Fastly may have set up a team to run its Asia-Pacific (APAC) business just under a year ago, but the company’s founder Artur Bergman believes the content delivery network (CDN) supplier’s developer roots will give it an edge over rivals.
Like other CDN players, Fastly has branched out to offer edge compute and security services to help enterprises speed up and run applications at edge locations while fending off cyber threats, including distributed denial of service (DDoS) attacks.
But it thinks differently in those investments, focusing on efforts to scale its points of presence (POPs) both horizontally and vertically, preventing data leakages and supporting the WebAssembly language that brings new capabilities and additional security features to cloud-native developers.
In an interview with Computer Weekly in Singapore, Bergman, who is also Fastly’s chief architect, discusses the company’s competitive play, its investments in APAC and new capabilities that customers can expect next year.
Tell us more about Fastly, its focus on developers and how it is competing against Cloudflare, Akamai and others in the market.

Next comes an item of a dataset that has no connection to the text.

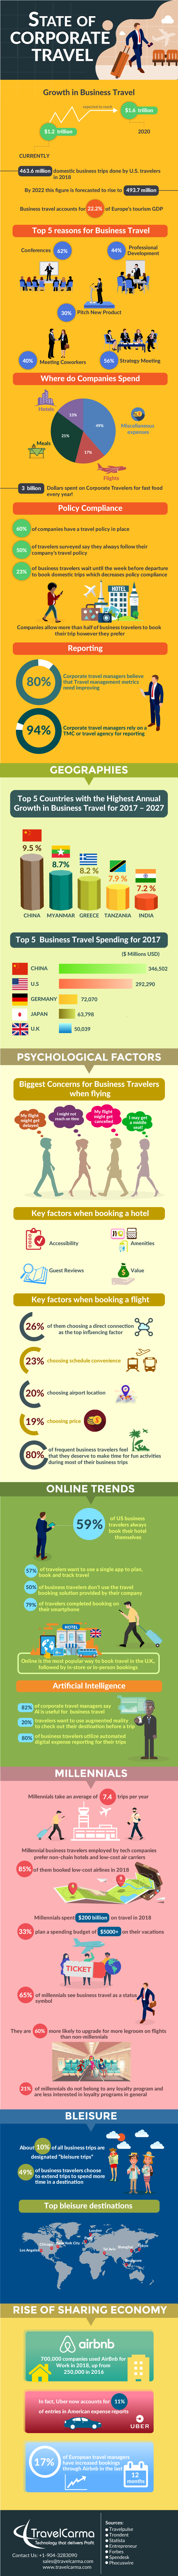 Business Travel infographic, corporate travel, business travel trends

Bergman: We founded the company in 2011, but our story goes back to 2008 when I was CTO of a company called Wikia, which is now Fandom. We built wikis and we wanted our wikis to run fast around the world.
The content of wikis doesn’t change very often, but when a user edits a wiki, the content has to change immediately. We wanted to cache the content at the edge, but none of the providers could guarantee fast cache invalidation. So, we ended up building our own small CDN.

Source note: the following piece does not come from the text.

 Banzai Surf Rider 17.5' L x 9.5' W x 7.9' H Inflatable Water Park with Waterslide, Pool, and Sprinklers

In 2011, I left Wikia to start Fastly and Wikia became our anchor customer. The idea was that we should be flexible enough so that no one should feel the need to build their own CDN. We should provide enough control to our customers so that they can treat the edge as their own.
From day one, we also had this dream of delivering full compute at the edge, but it took us 10 years to get to a point where we had the network and the technology to be able to deliver a solid compute environment at the edge, which we did in 2021.

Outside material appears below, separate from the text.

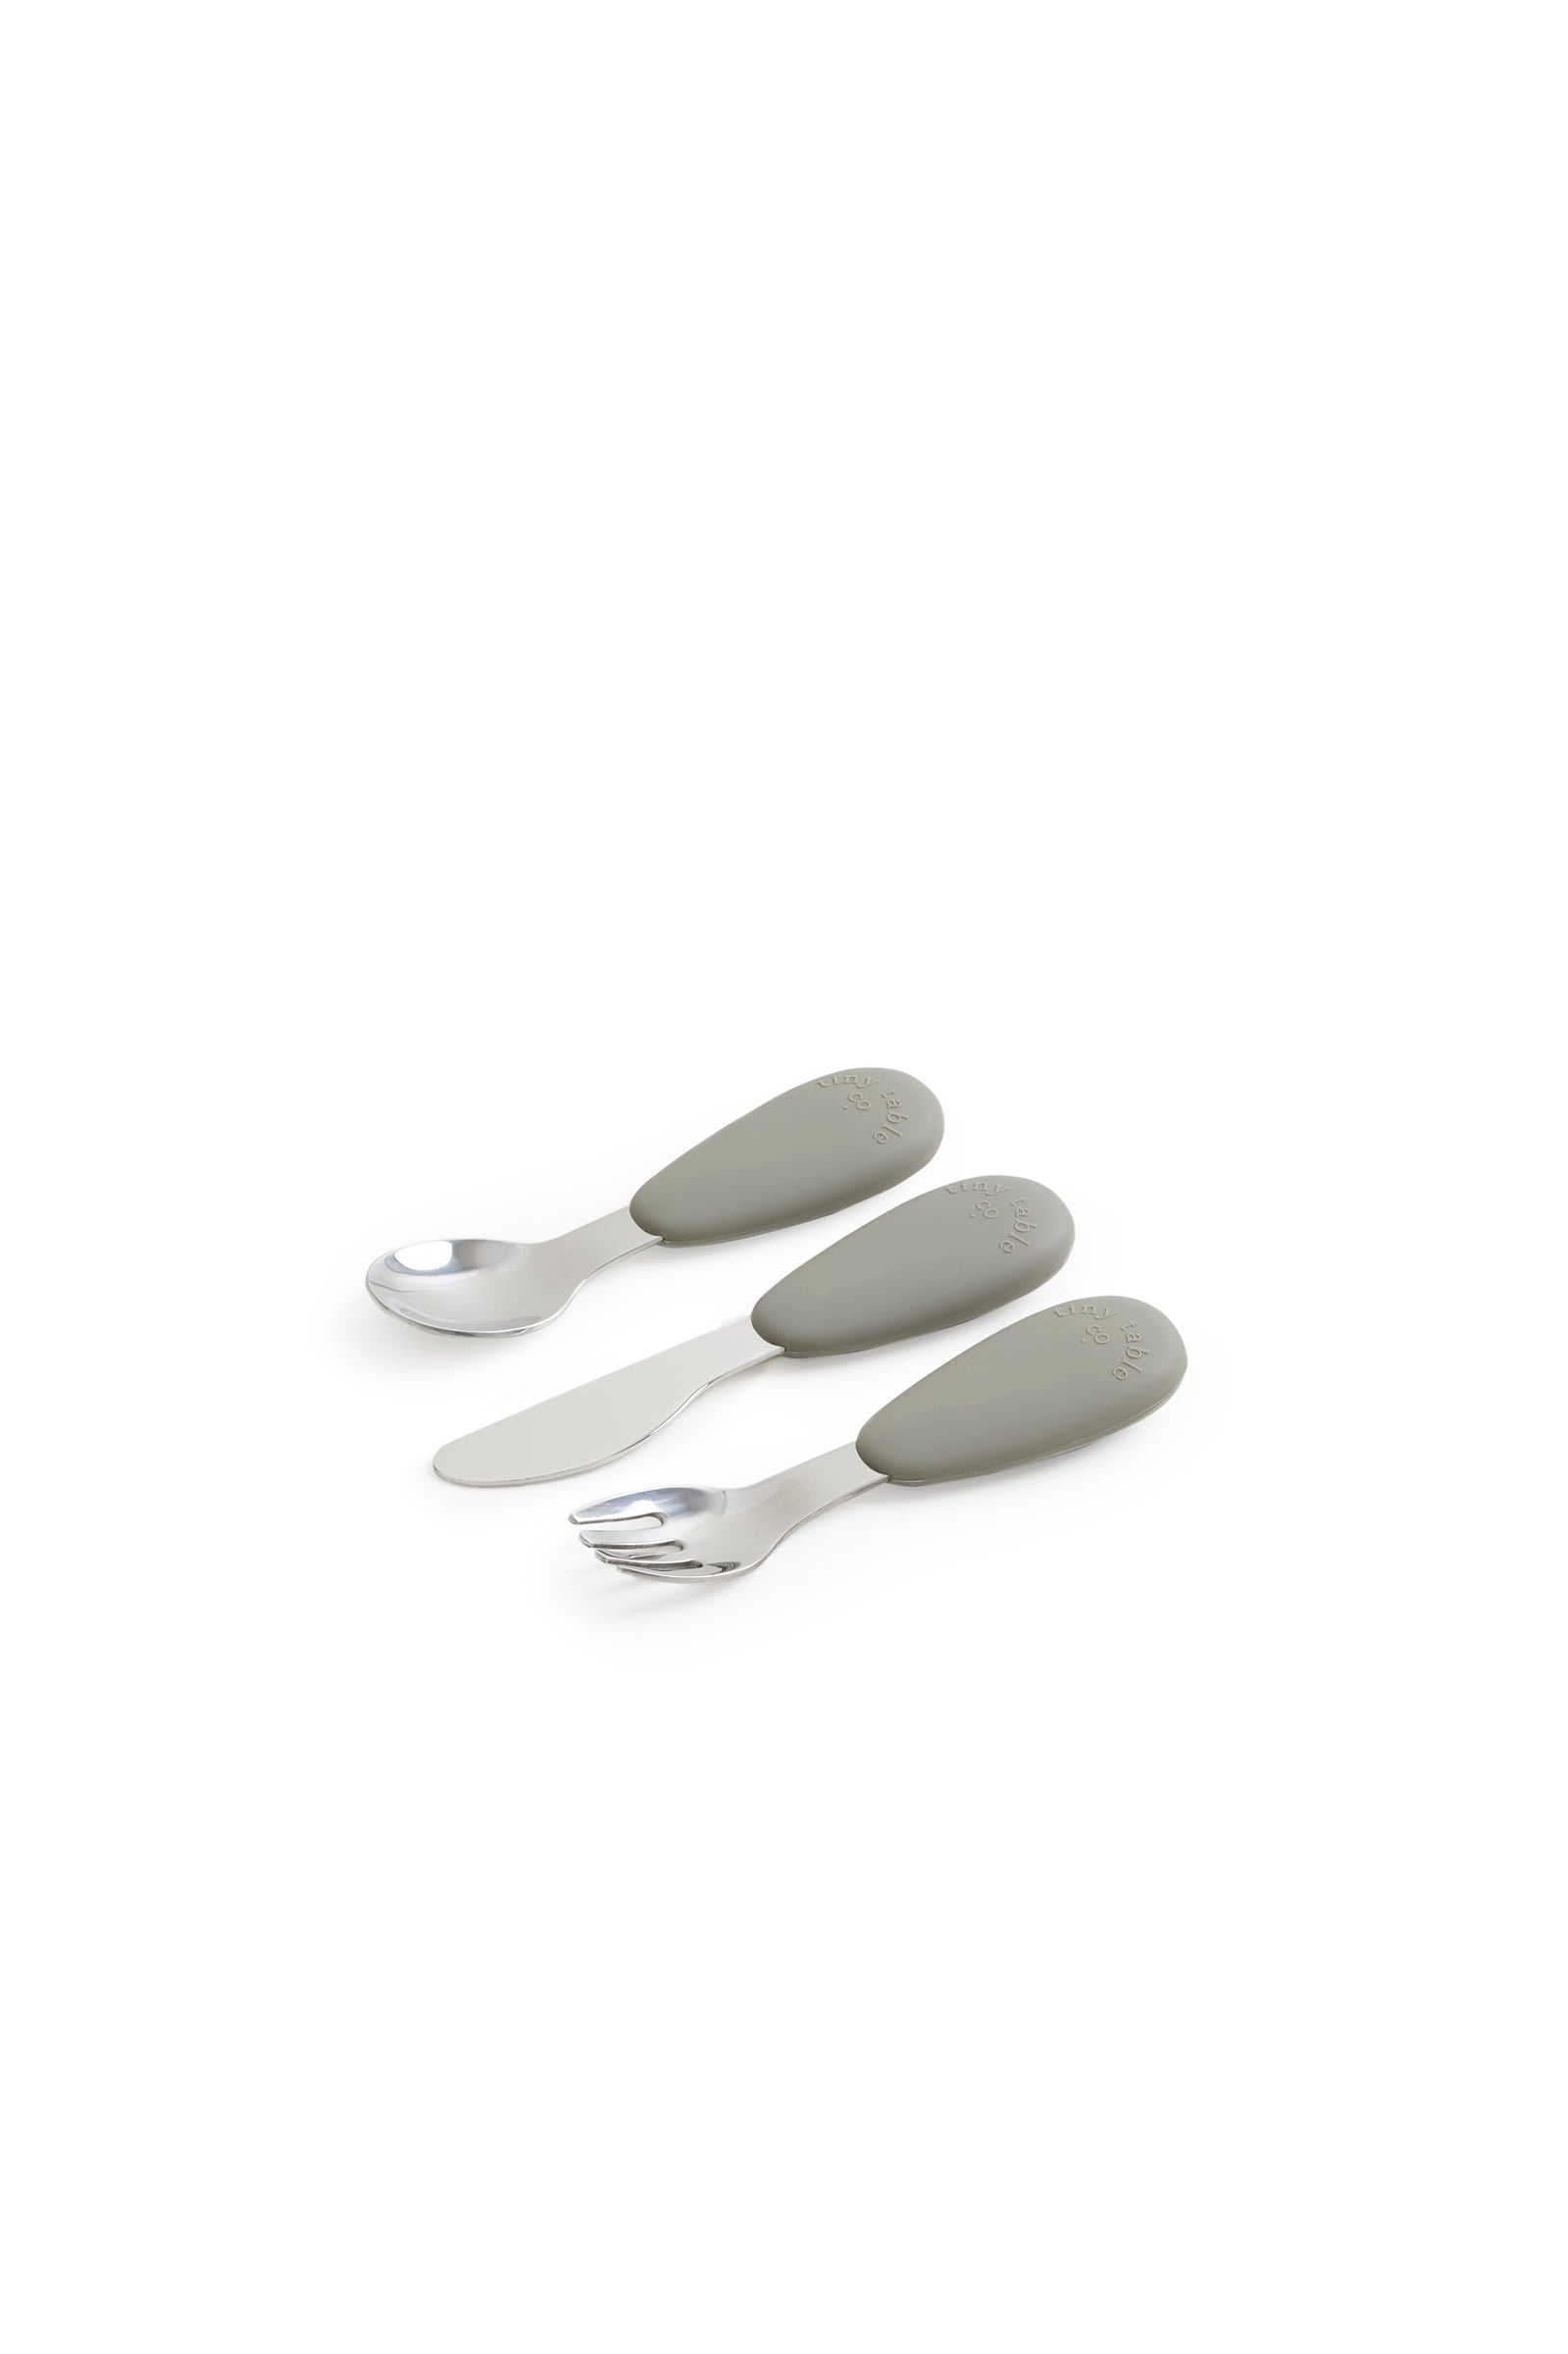 tiny table co. first cutlery set

We were developers but our competitors were not developer friendly at all – and they still kind of aren’t. We wanted to integrate the edge with our application to get the maximum benefit. We also focused on small files. Back then, CDNs were either optimised for a few files or large videos, but not billions of small files like user-generated content. We also went into API [application programming interface] caching, which was extremely important because most of those were small files. We built a different architecture to enable that.
Artur Bergman, Fastly
Our first customers were high-tech customers, but we soon expanded our reach to publishers who produced segmented or small videos that worked well with our architecture, notably through request collapsing, a kind of global application level multicast. So, regardless of the number of requests you get for a new object, we only go back to the origin once. We also looked at e-commerce which drove us to invest more in security. That led to the Signal Sciences acquisition to beef up our security story.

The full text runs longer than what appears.